Ainda hoje li uma citação interessante, a qual desejo transcrever abaixo que, embora não tendo correlação direta com o assunto em tela, retrata algo sobre a obediência à norma (Lei):
"...Não há falta ou mal na mera ausência que consiste na atual consideração da norma, pois a alma não está obrigada, nem disto é capaz, constantemente, no ato, de levar a norma em consideração. O que é requerida da alma não é que deva sempre observar a norma ou ter a norma constante na mente, mas que deva 'produzir um ato' enquanto considera a norma. Ora, no momento metafísico que estamos analisando, aqui, ainda não existe um ato produzido; há meramente uma ausência de consideração da norma, e será apenas no ato que será produzido, em termos desta ausência, que o mal existirá. Reside, aí, um ponto de doutrina extremamente sutil, de importância capital. Antes do ato ato moral, antes do 'bonum debitum', o 'devido bem' que produz a qualidade do ato e cuja ausência é uma privação e um mal, há uma condição metafísica do ato moral, o qual, tomado em si mesmo, não é um bem devido, e a ausência dele, por conseguinte, não será privação nem mal, mas uma pura e simples negação (ausência de um bem que não é devido), e tal condição metafísica é uma livre condição." [1]

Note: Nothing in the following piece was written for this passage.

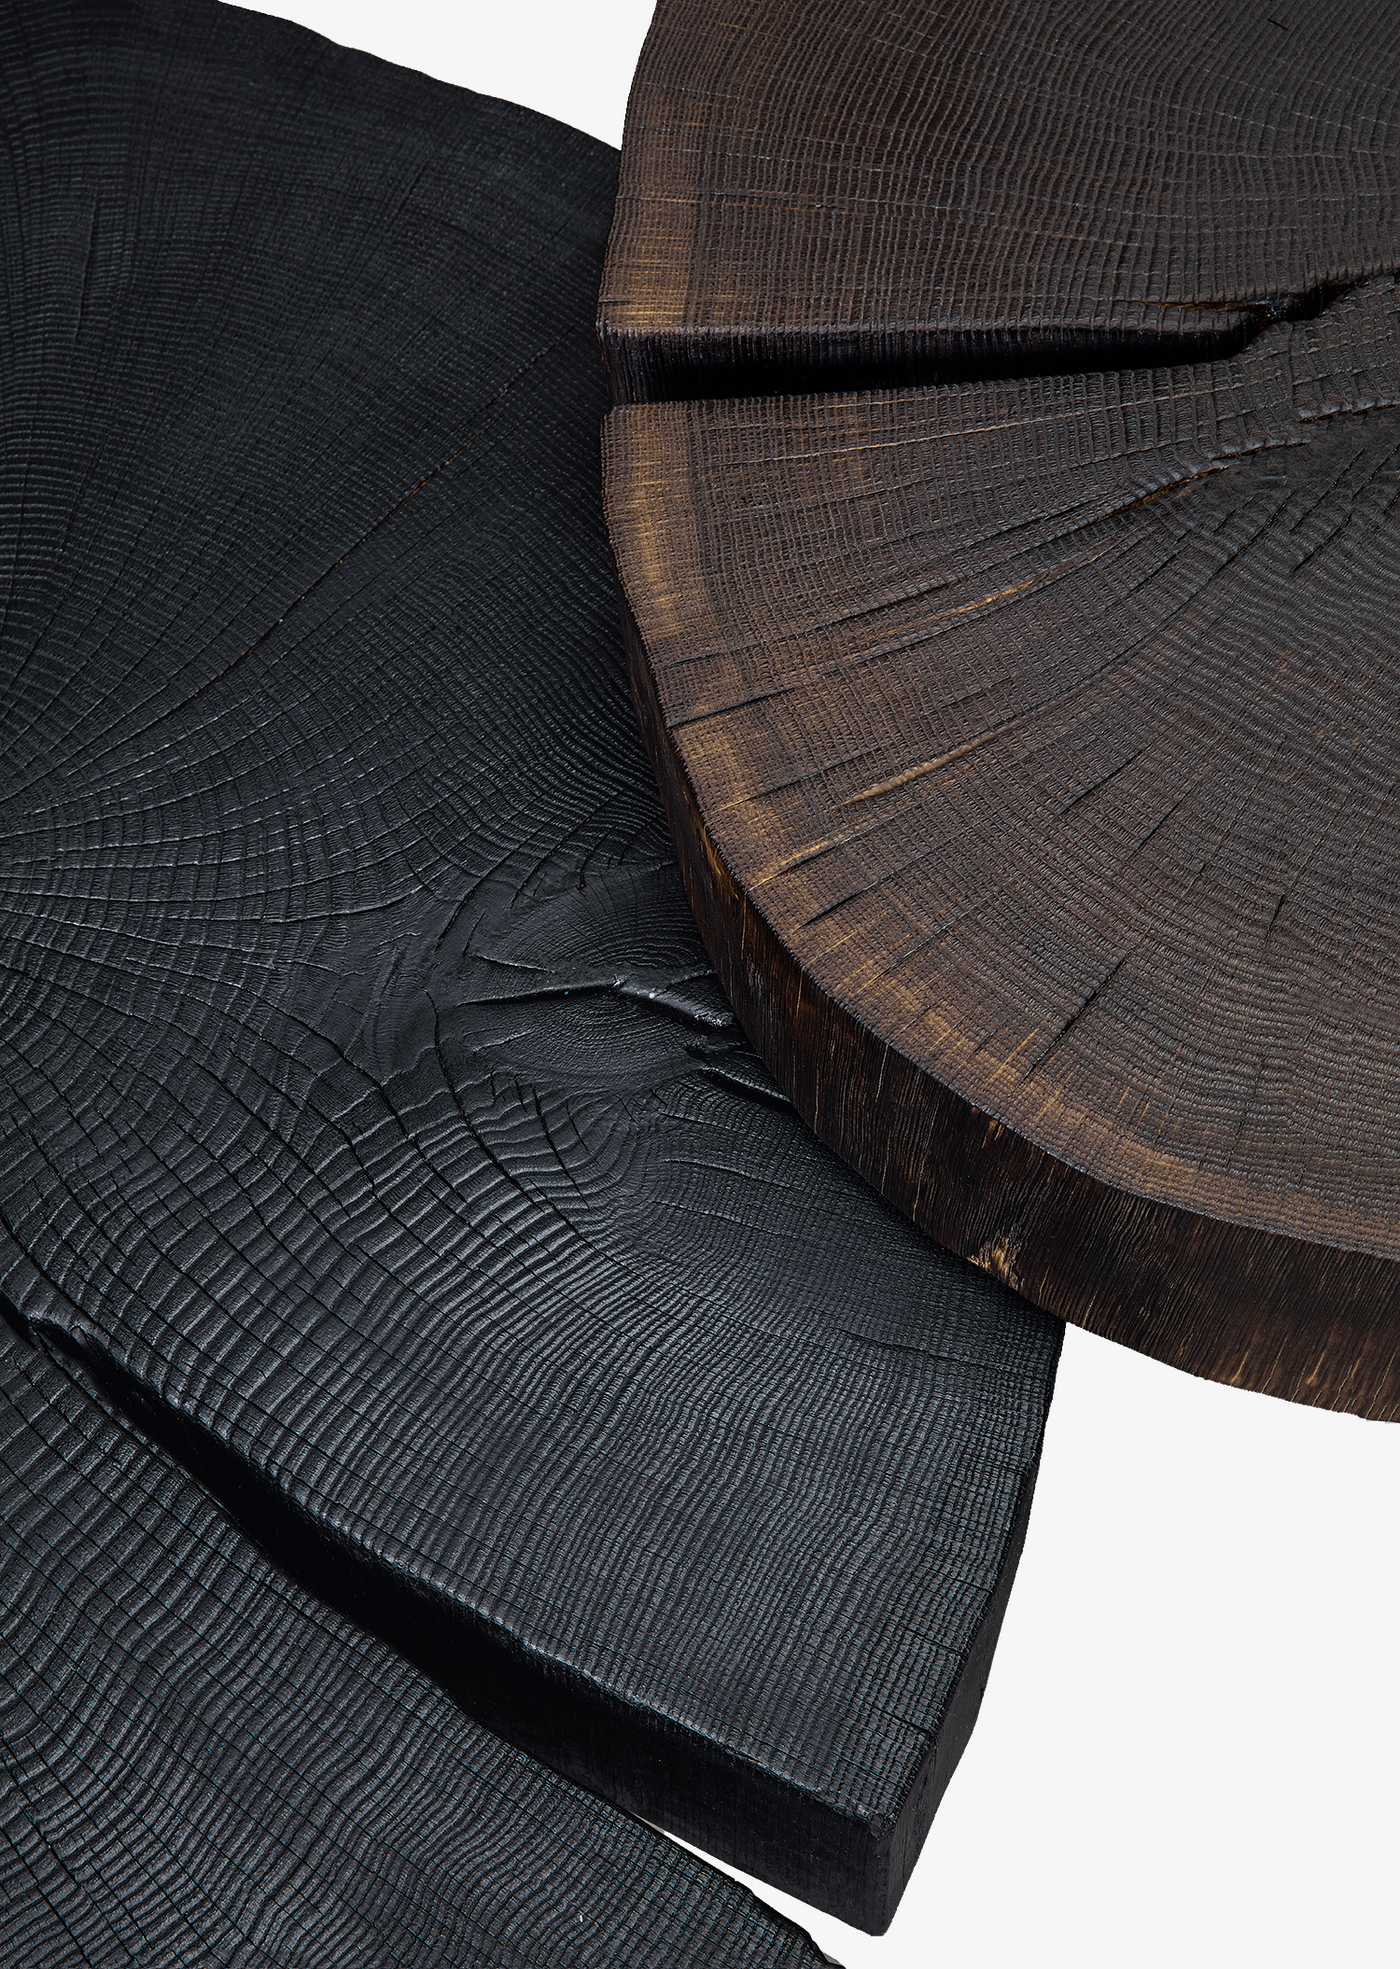 janua beistelltisch bc 05 stomp eiche geköhlt ton schwarz, höhe 28cm, massive baumscheibe auf filigranem metall, detailfoto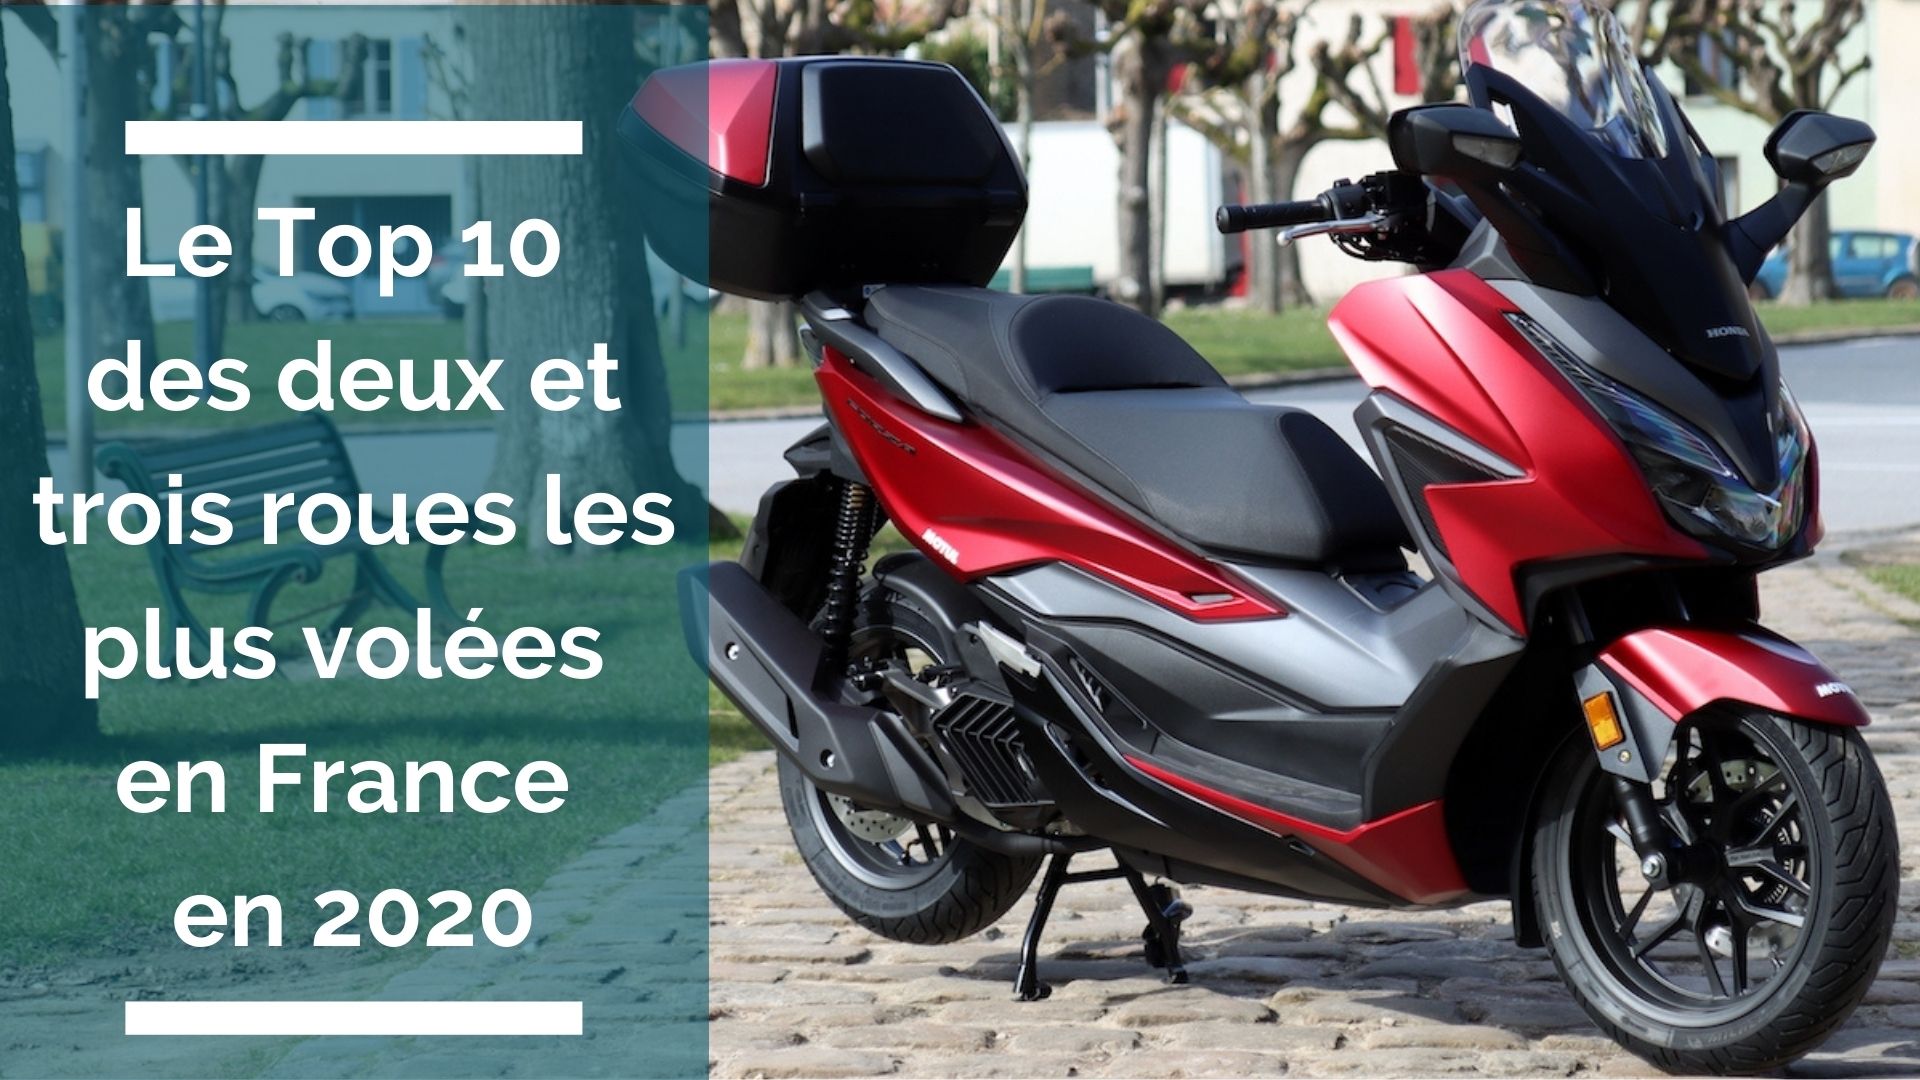 Le top 10 des motos/scooters électriques les plus vendus en France

De tal maneira que não fazemos o bem por imposição da norma, mas porque a graça oriunda do Criador nos habilita a fazer o bem. Daí a considerar, como Tiago, que a fé deve ser acompanhada das obras, mas não pela força coercitiva da norma em si mesma (que é apenas uma abstração), mas pela habilitação que nos é titulada, por assim dizer, pela graça. E é nesse momento que os teonomistas nos acusam de confundir Lei, justificação e graça. A obliquidade do entendimento, a falta de capacidade analítica é que os leva a tal antítese, especificamente ao nos rotular de antinomistas em razão da sua "teonomia".
Por enquanto, fico por aqui. Há muito a dizer, mas os textos longos cansam, especialmente neste espaço.
[1] Maritain , Jacques, St. Thomas and the Problem of Evil (Milwaukee, 1942), pag. 06, extraído do livro "Pastor Reformado e o Pensamento Moderno", Van Til, Cornelius, 1ª edição, 2010, Ed. Cultura Cristã, pag. 97.